看到王檐來了,白太傅的臉色才略略緩和了些,“內甥不必這樣見外,多年未見,你也是闖下一番天地的人了…聖人雲:大器晚成,你為國殺敵耽誤青春,朝廷欠你個夫人呢。”

“聖上說,等將軍府建成,就賜婚晚輩與嘉晴郡主…”

吃過中飯王檐帶著淳於氏離開,二老要歇息,白夭夭和許宣對他們說了些寬心的話,服侍他們午睡,老人家看著他們夫妻和美,沒有再想早上的那些不快。夫妻兩個回房的路上,白夭夭同許宣說起一些陳年舊事,“當初表兄名落孫山,姨母沒了指望,想要與爹娘重歸於好,而當時我因病錯過婚齡,也錯過了五年一度的選秀,爹娘無奈之下想趁著機會把我嫁給表兄,姨母嫌我病弱年歲大拒絕了…”

“我看你那表兄年紀不小了。”淳於氏胸無城池,今天把一家人得罪了個遍。不過許宣也感謝她,若非她攪黃婚事…娘子可就…
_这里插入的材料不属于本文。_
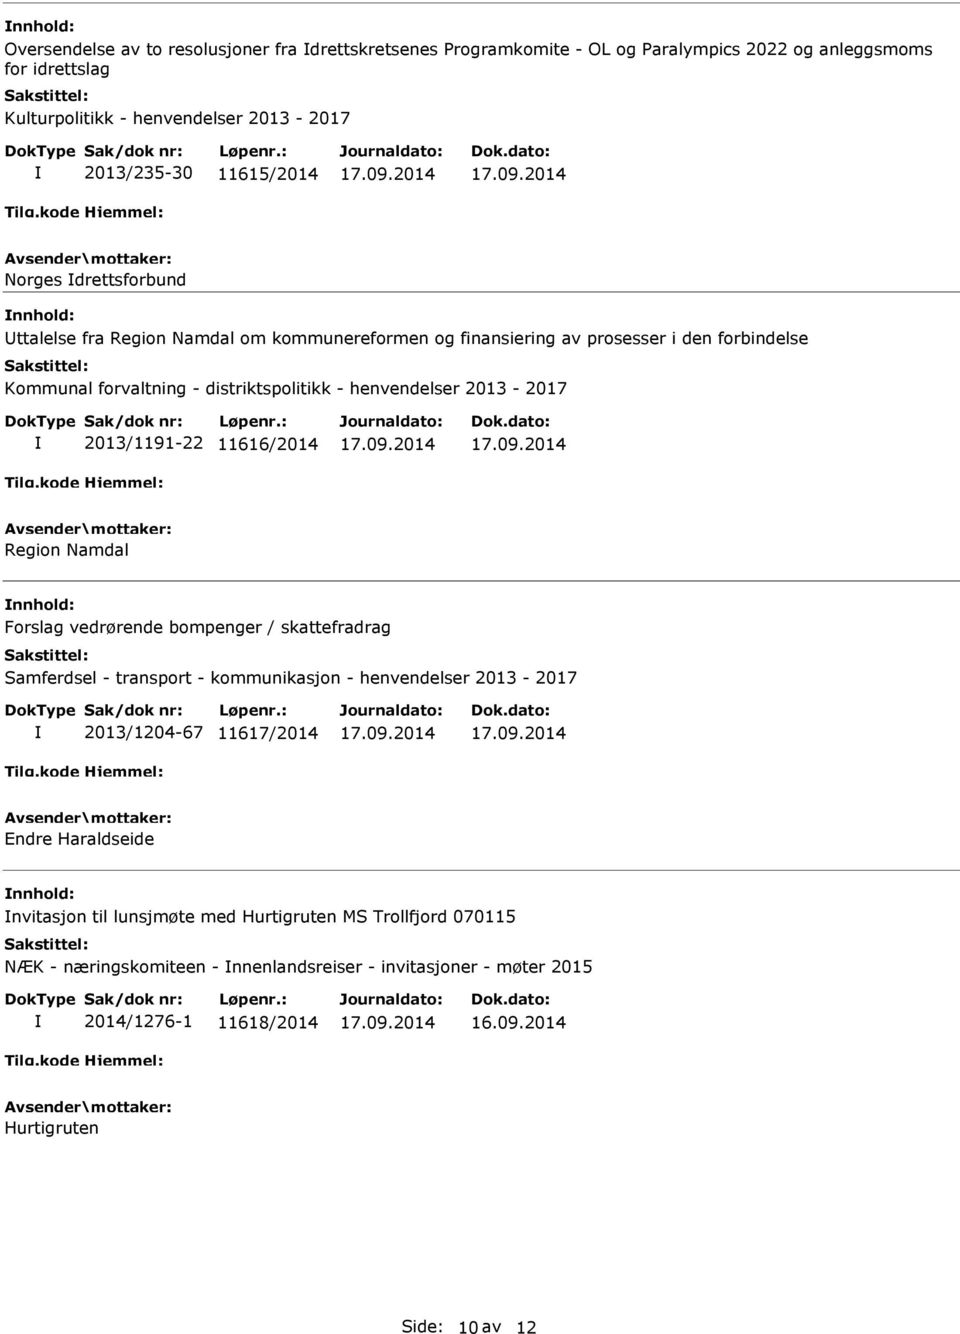 2013/1191-22 11616/2014 Region Namdal Forslag vedrørende bompenger / skattefradrag Samferdsel - transport - kommunikasjon - henvendelser 2013-2017 2013/1204-67 11617/2014 Endre
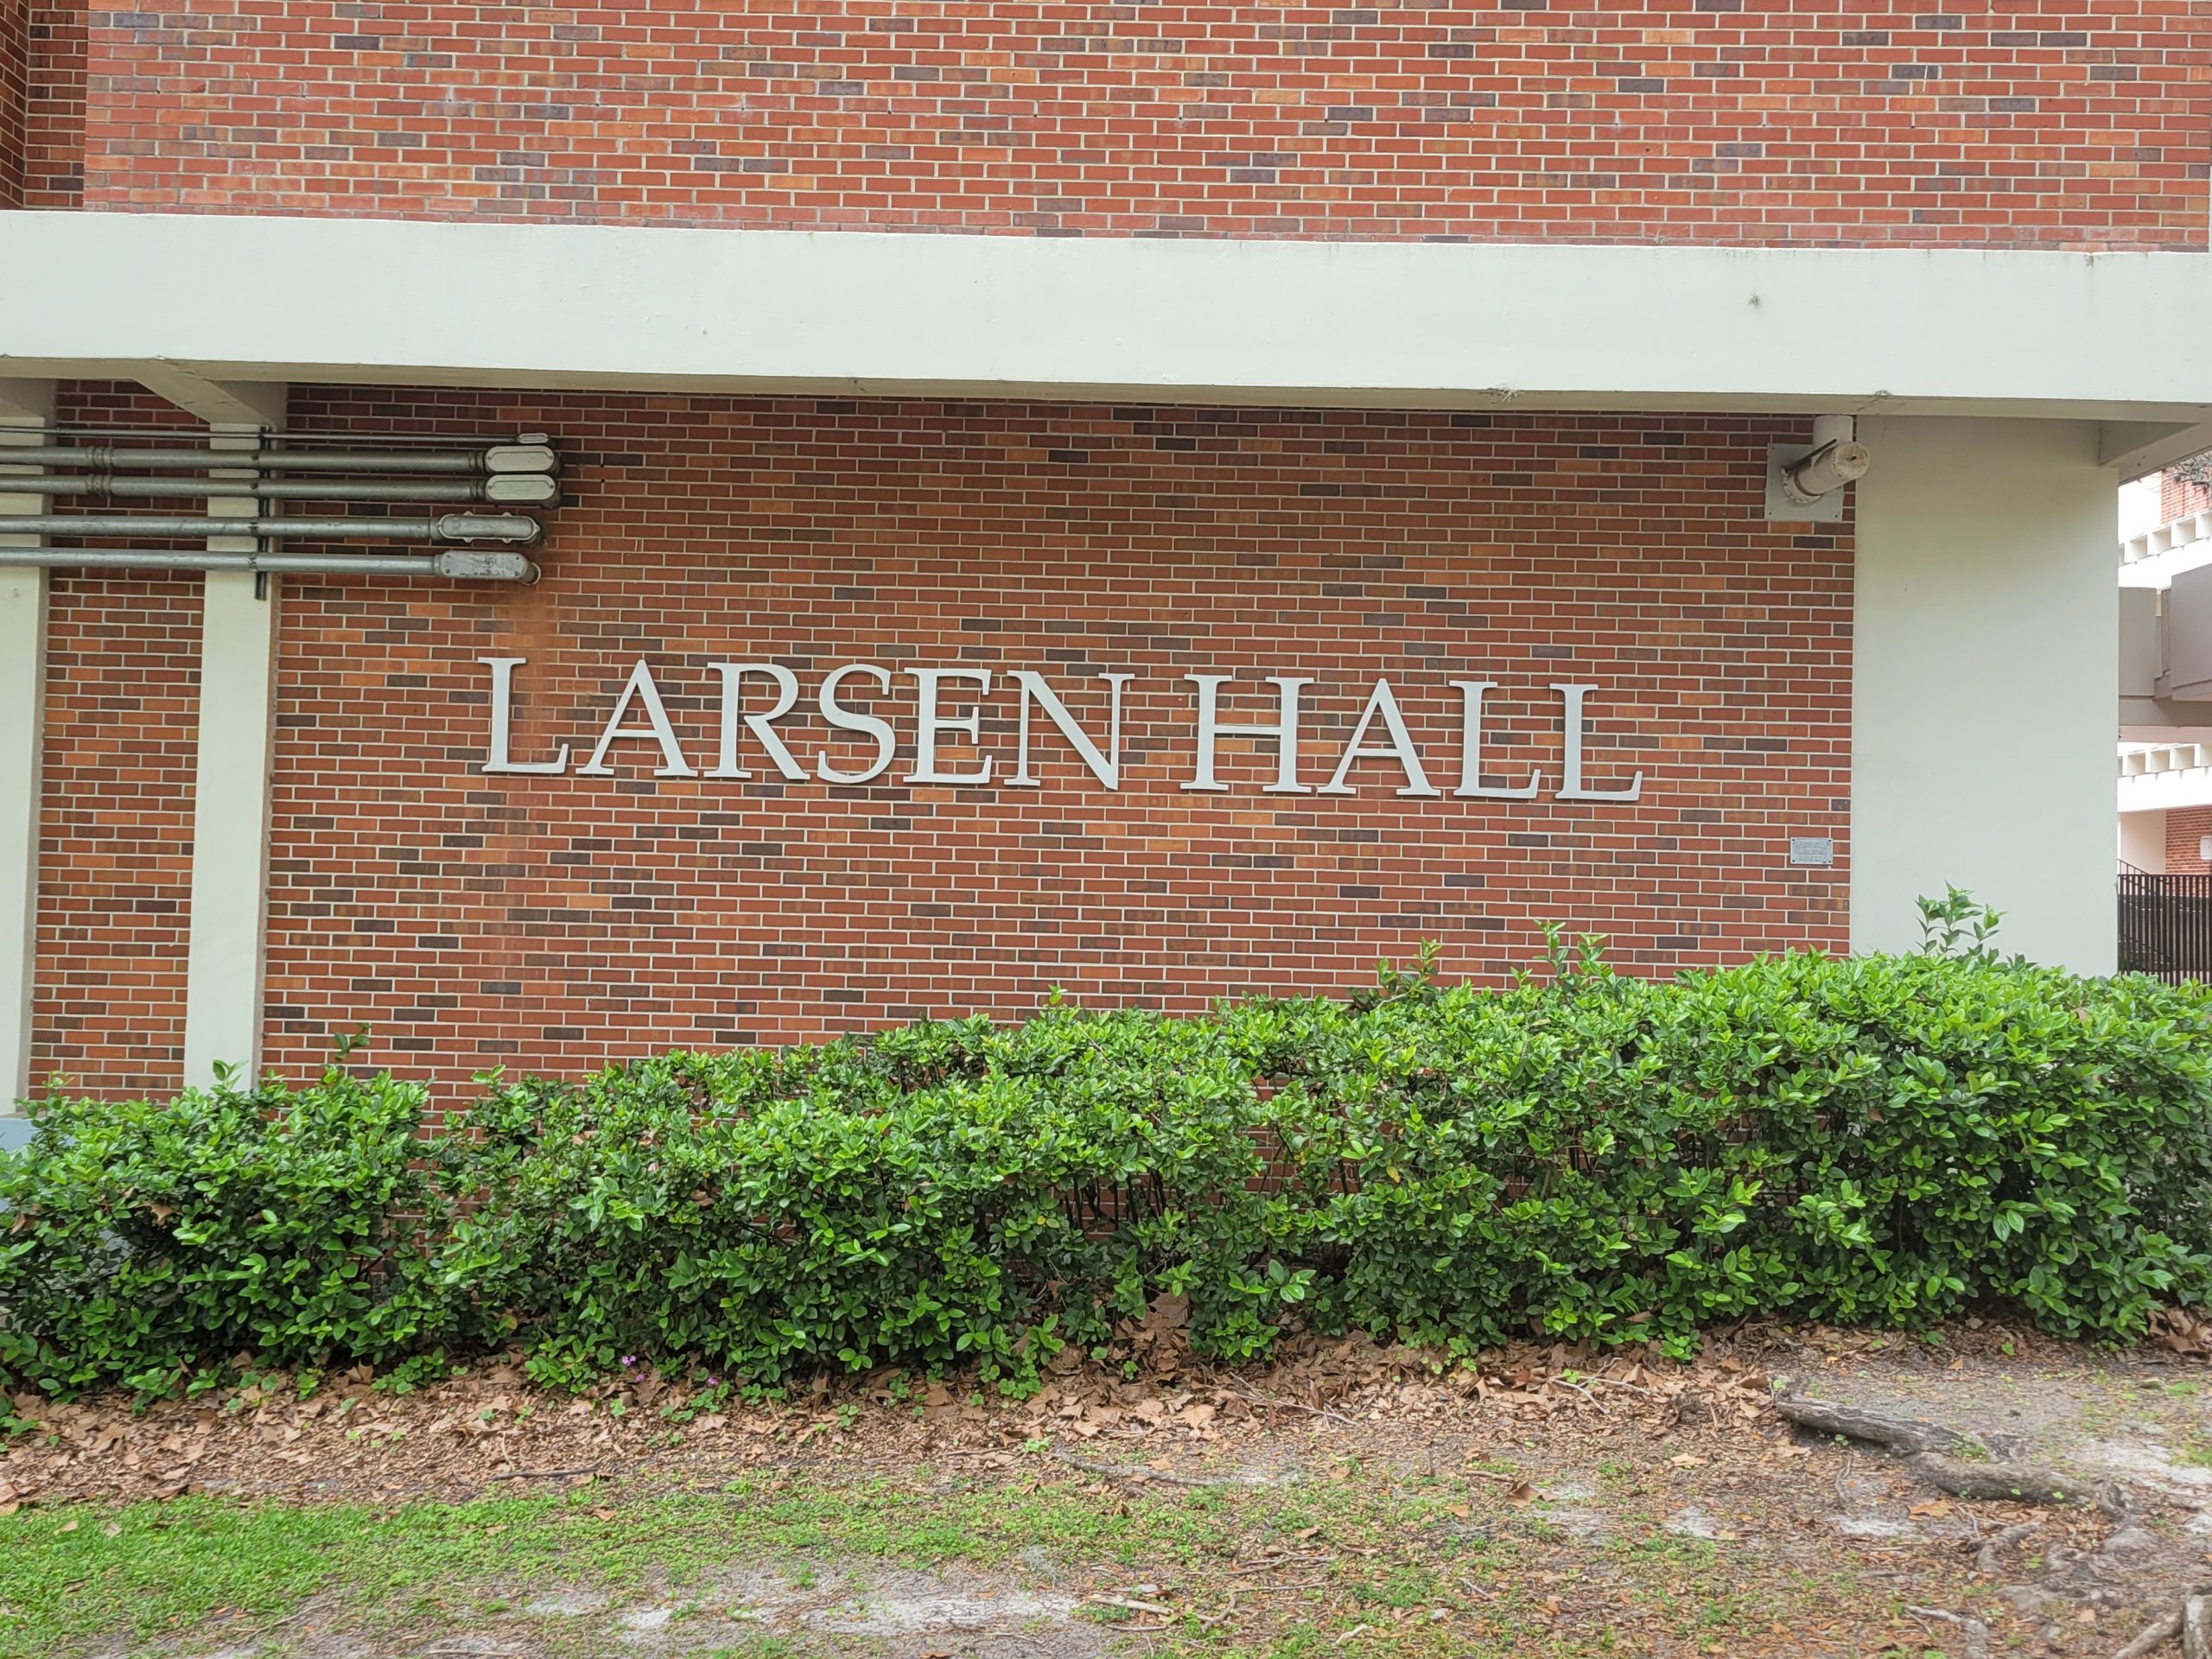 Larsen Hall

“是啊,姨母總是挑剔新婦人選,表兄年過四十還未成家…爹娘氣不過,使了些絆子讓表兄去投軍…表兄不通文墨,武藝我記得也一般…怎麽就封了大將軍呢…這福氣…”而今姨母得了好兒媳,兒子也這般有出息…難怪一向通達的爹娘會難過生氣。

回府後,阿竹趁著許宣不在,遞給白夭夭一封書信和短笛,說是王將軍給的。

信上無非是說些恭喜的吉祥話,白夭夭不知他為何要送自己這些,他們也好多年未見了。信封裏還夾著一枚金鑲玉的戒指,正拿在手中端詳,就被許宣拿走了,“我也有話要說給娘子聽,阿竹,你下去吧。”